Florida Emerges as Pivotal For Both Clinton and Dole
HE has virtually no opposition in tomorrow's Florida primary, but President Clinton is campaigning in the Sunshine State as if his political life depended on it.
With Sen. Bob Dole expected to win the GOP primary race here, the focus among activists in both parties has already shifted to the general election in November. For the Democrats, Florida is emerging as a key state if Mr. Clinton is to get a second term: The president can no longer count on winning as many of the Southern and Western states that sent him to the White House in 1992.
Clinton lost Florida to George Bush in 1992, although by fewer than two percentage points. To win the state this time, the fourth-largest electoral pool in the nation, the president has devised a strategy that is neither rocket science nor secret: He hopes to put together a majority by appealing to retirees on the Medicare issue.

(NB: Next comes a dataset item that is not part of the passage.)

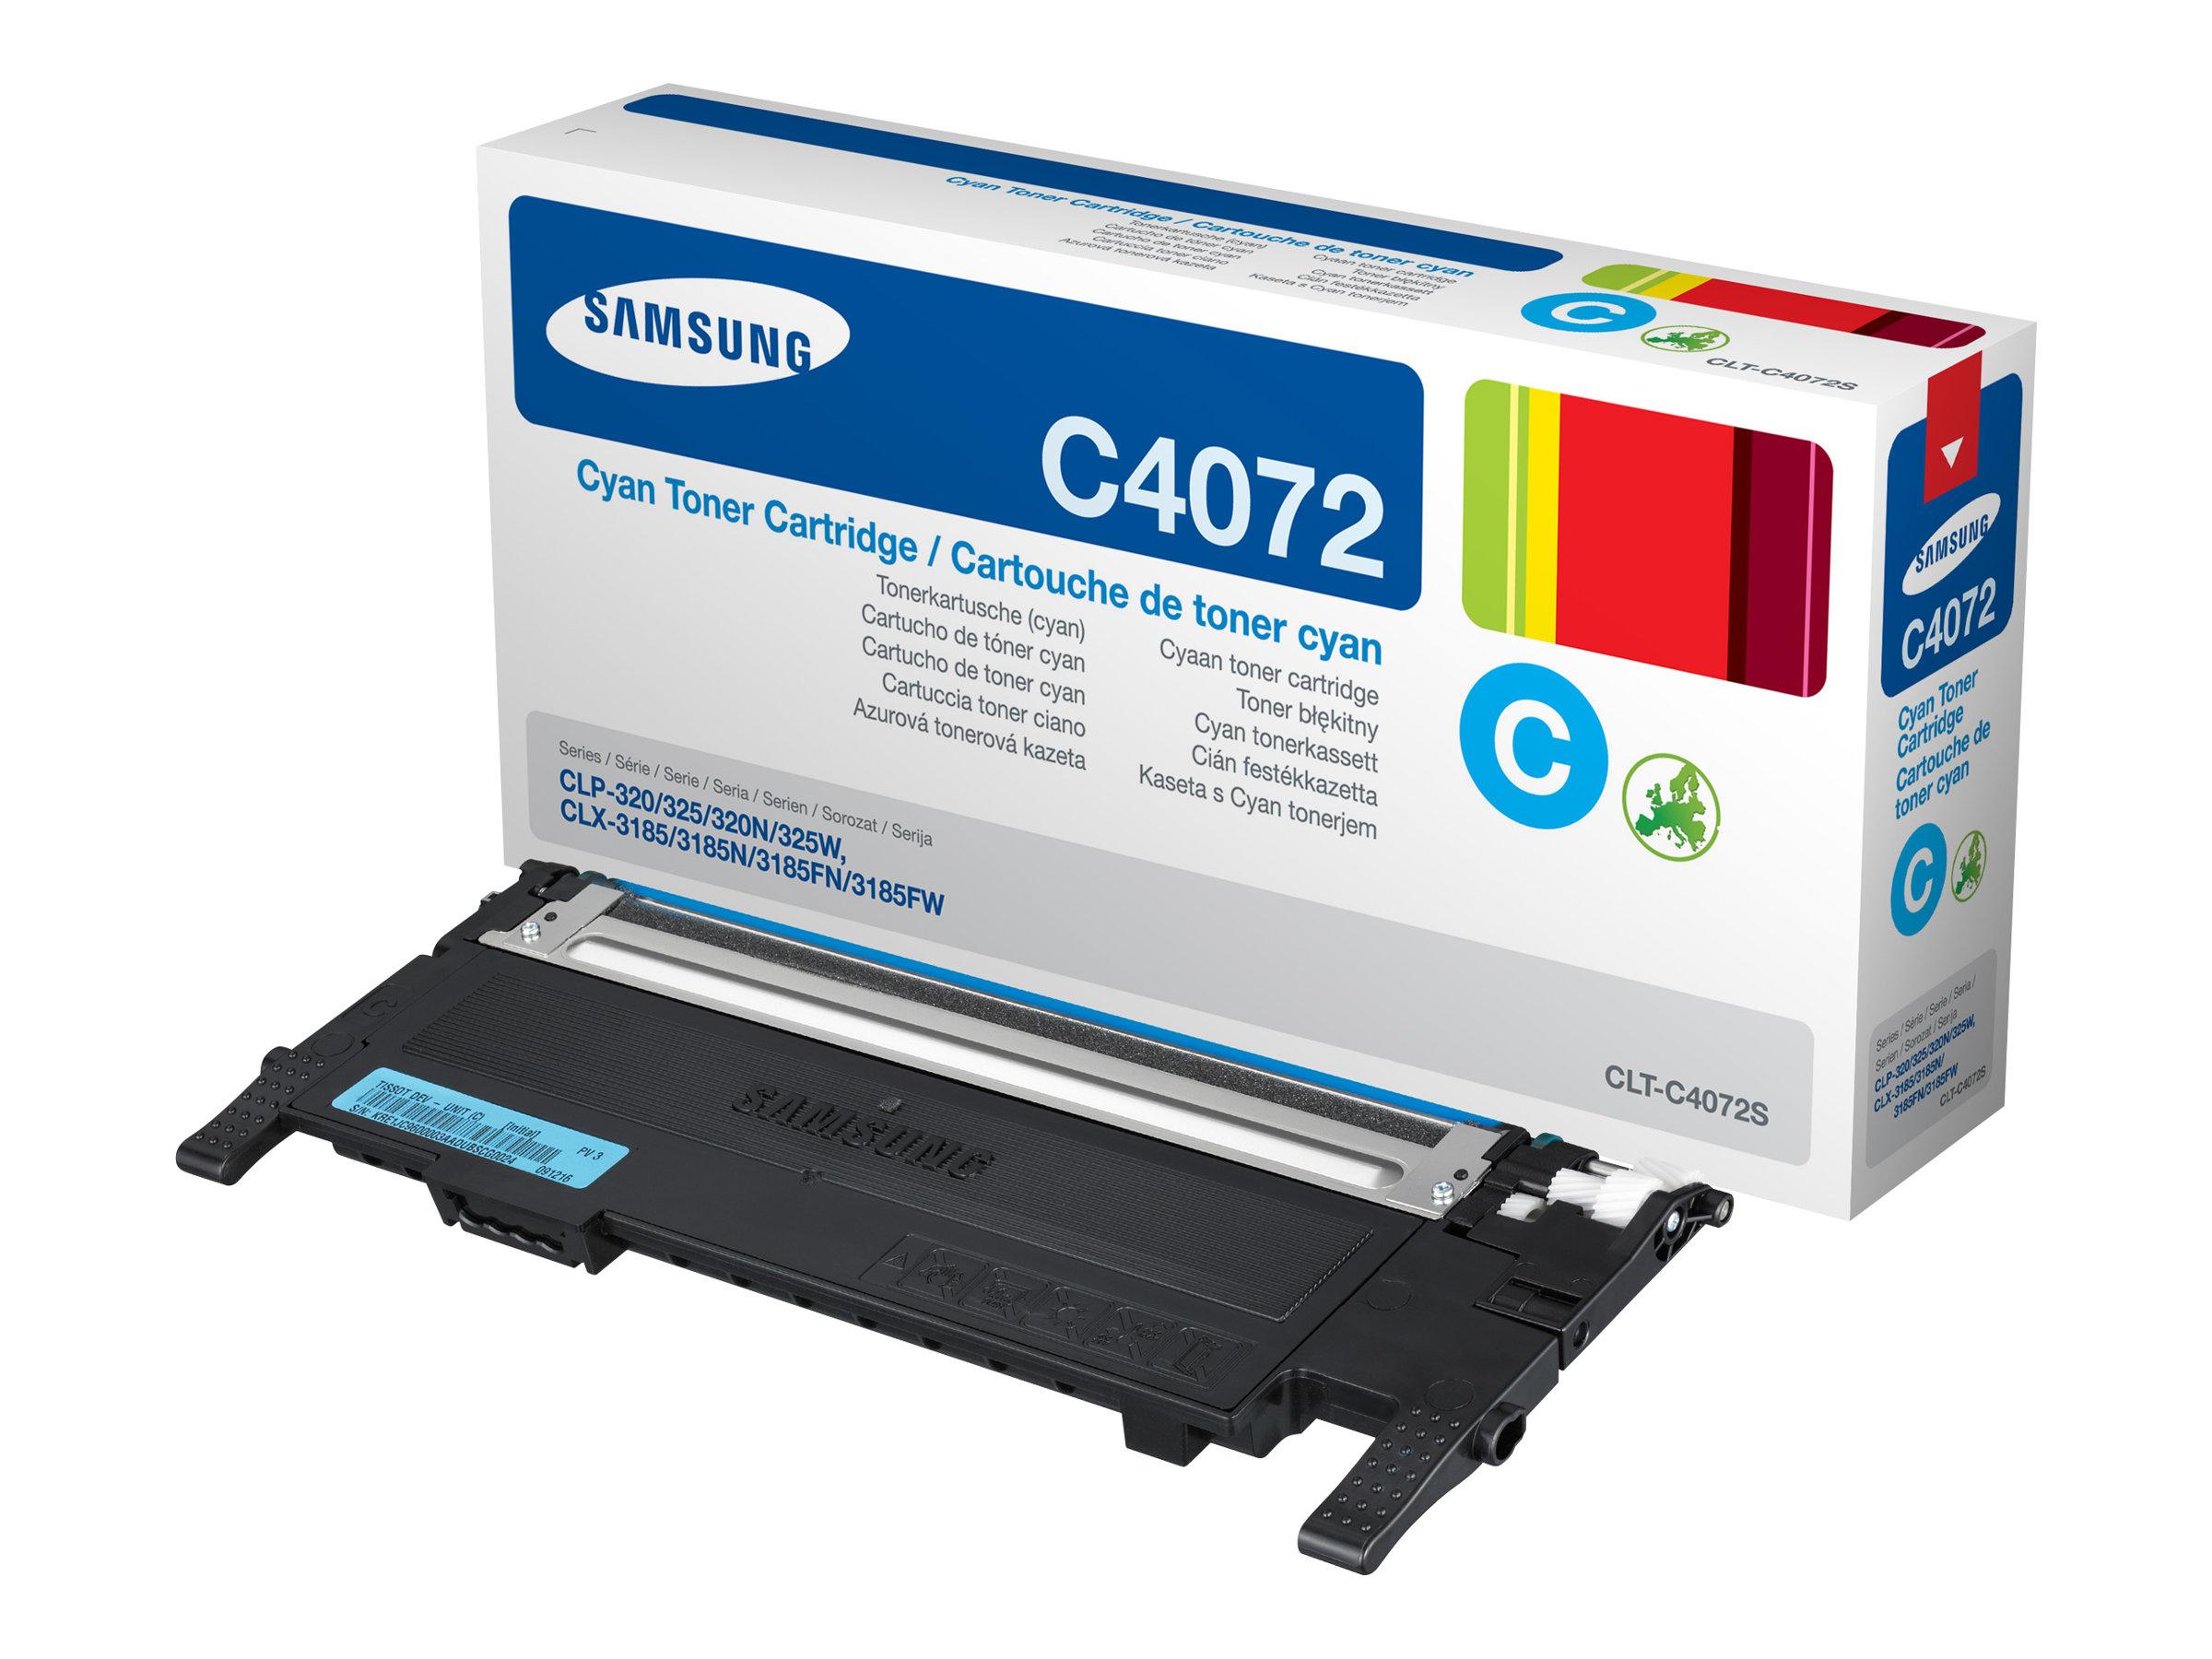 Samsung CLT-C4072S - cyan - originale - cartouche de toner

In Florida, where voters over age 60 cast about 40 percent of the vote, Clinton has positioned himself as the defender of senior citizens by declaring that the GOP was preparing to "stick it" to them through changes in the federal health-insurance programs. Republicans call this "Medi-scare," but for many seniors this scare tactic is working.
"The Republicans are not considering human beings, only dollars and cents," says 79-year-old Lillian Beck of Miami Beach. "I don't expect everything for nothing, but elderly people should be appreciated for their past work."

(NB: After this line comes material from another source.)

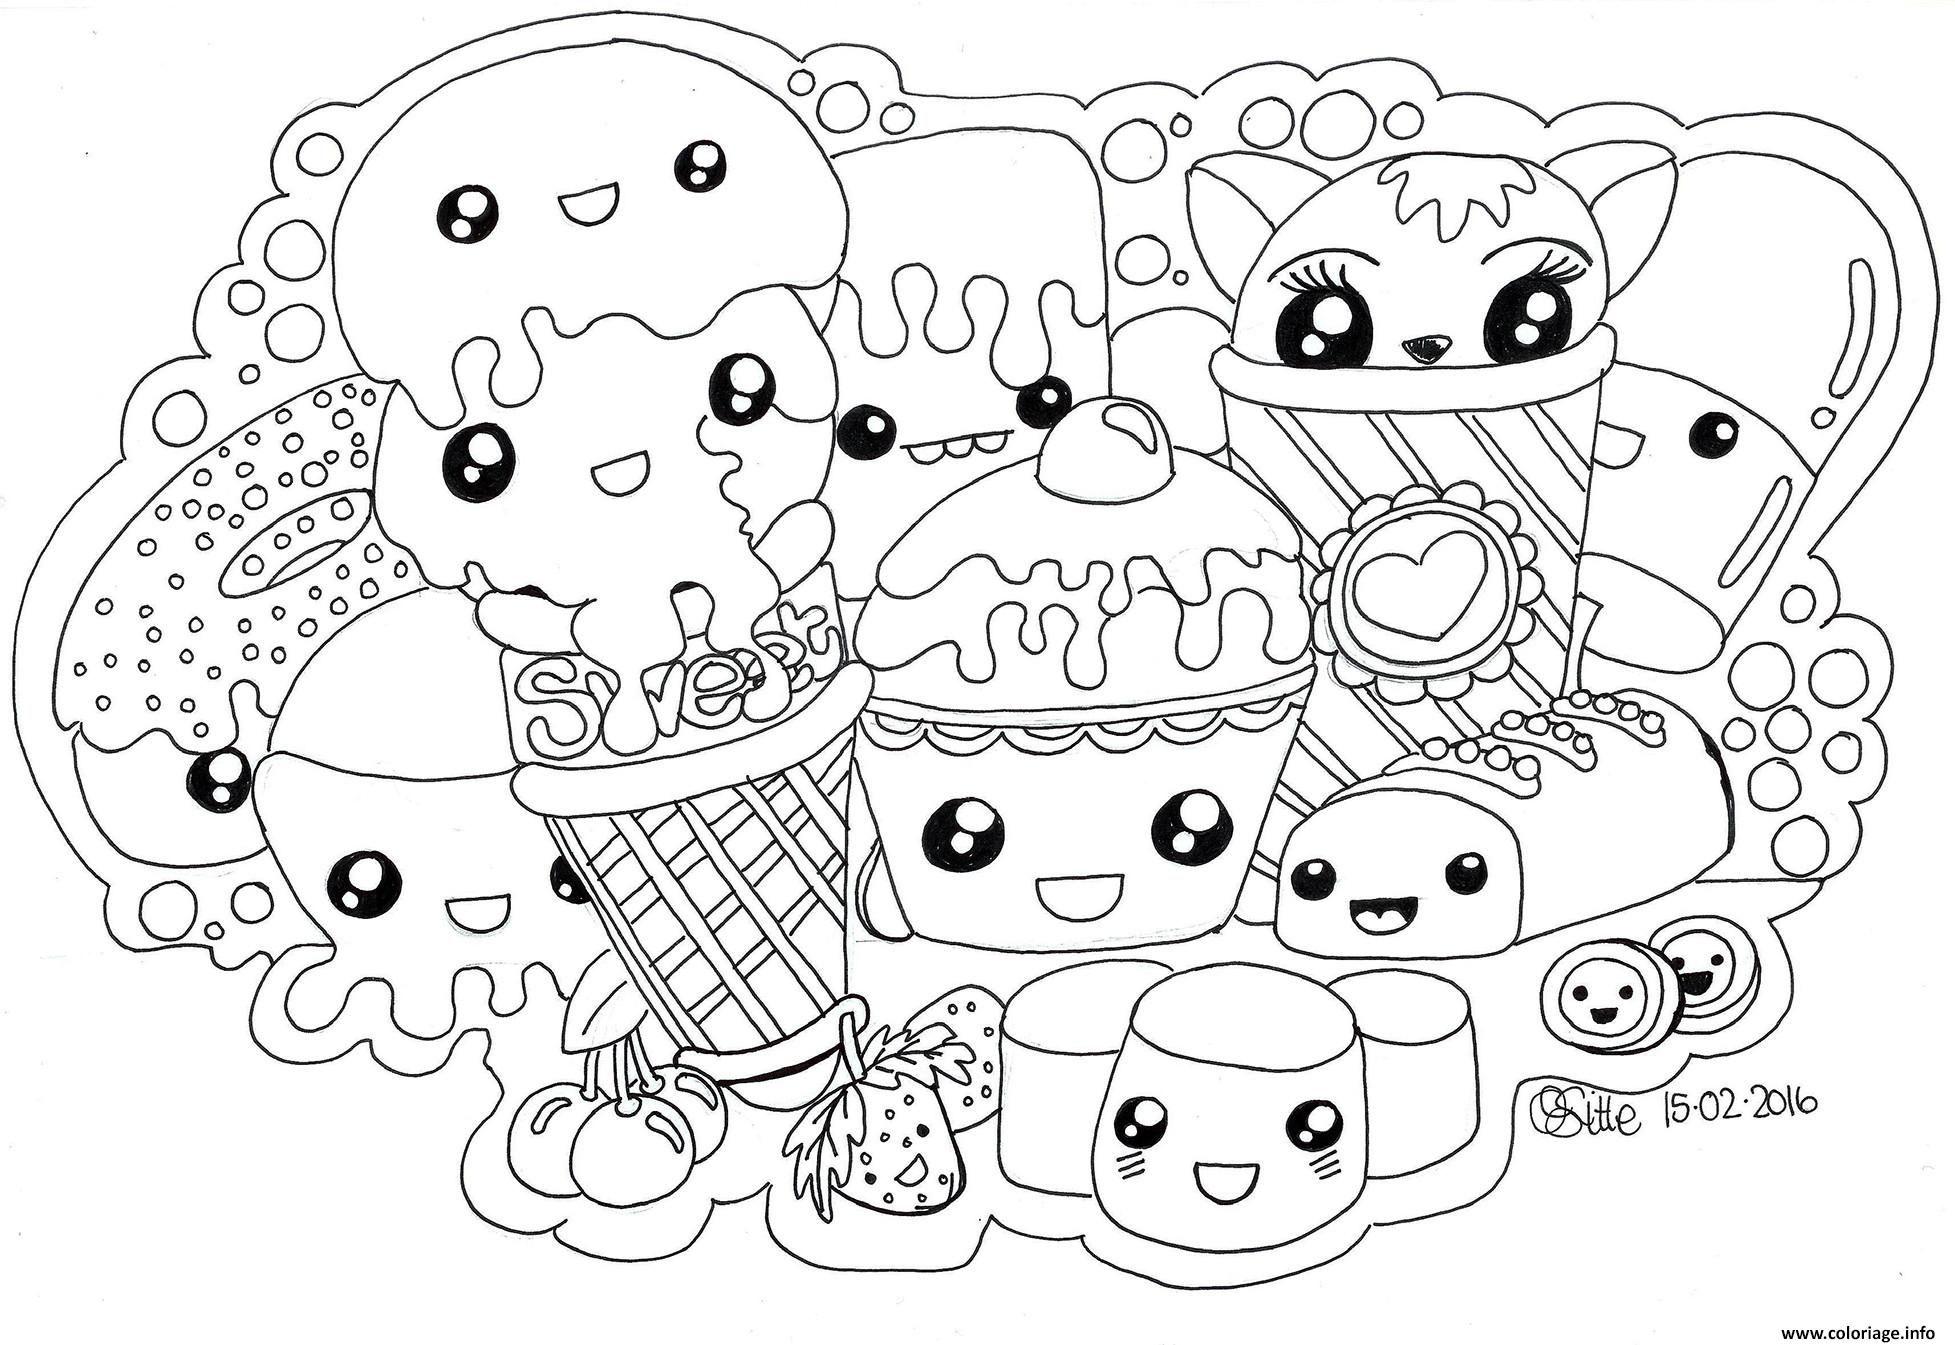 Maschera Colorante Capelli En 2020 Coloriage Kawaii Coloriage Manga Dessin Kawaii A Colorier

These are the voices that get the attention of Republican leaders in the state. "If there is any danger at all that the Republicans can lose Florida, then Bill Clinton will be president," says Randy Enright, executive director of the Florida Republican Party. "This state has such a Republican tilt, that if we get in trouble here, we're in trouble all over."
A poll released Friday indicates that in a contest with Senator Dole, the presumptive GOP nominee, Clinton could compete in Florida: 45 percent of the vote compared with 40 percent for Dole. The Mason-Dixon Poll showed 15 percent of voters are undecided.
"The Medicare issue is tailor-made for Bill Clinton," says a senior adviser to the Clinton campaign. "Thanks to [House Speaker] Newt Gingrich and company, the president's best allies in trying to win Florida are actually his enemies."
South Florida, for example, where one in seven residents receives Medicare assistance, might be affected more than anywhere else in the nation by the Republican plan to reform it. Overall, about $8.3 billion - or 3 percent - of the $270 billion Republicans hope to save would come from Dade and Broward counties.
Even his harshest critics cannot deny that the president is responsible for such decisions as bringing Florida the Summit of the Americas and the US military's Southern command; restoring Jean-Bertrand Aristide to his post as president of Haiti; stabilizing the influx of Cuban rafters; and appointing three Miami natives to serve in his Cabinet.
Clinton is already running news-clip-style commercials here, featuring his State of the Union address where he speaks of hope, work, and community. Dole, too, is airing television ads depicting him as a presidential figure.
While Republicans are beginning to unite around Dole, they are uneasy about a one-on-one showdown with Clinton. "I'm getting the impression that we don't have a winning ticket yet," says Ray Castillo, a GOP consultant. Clinton, he says, "has a vision. He has the looks, the smile. We don't have a candidate with that kind of charisma."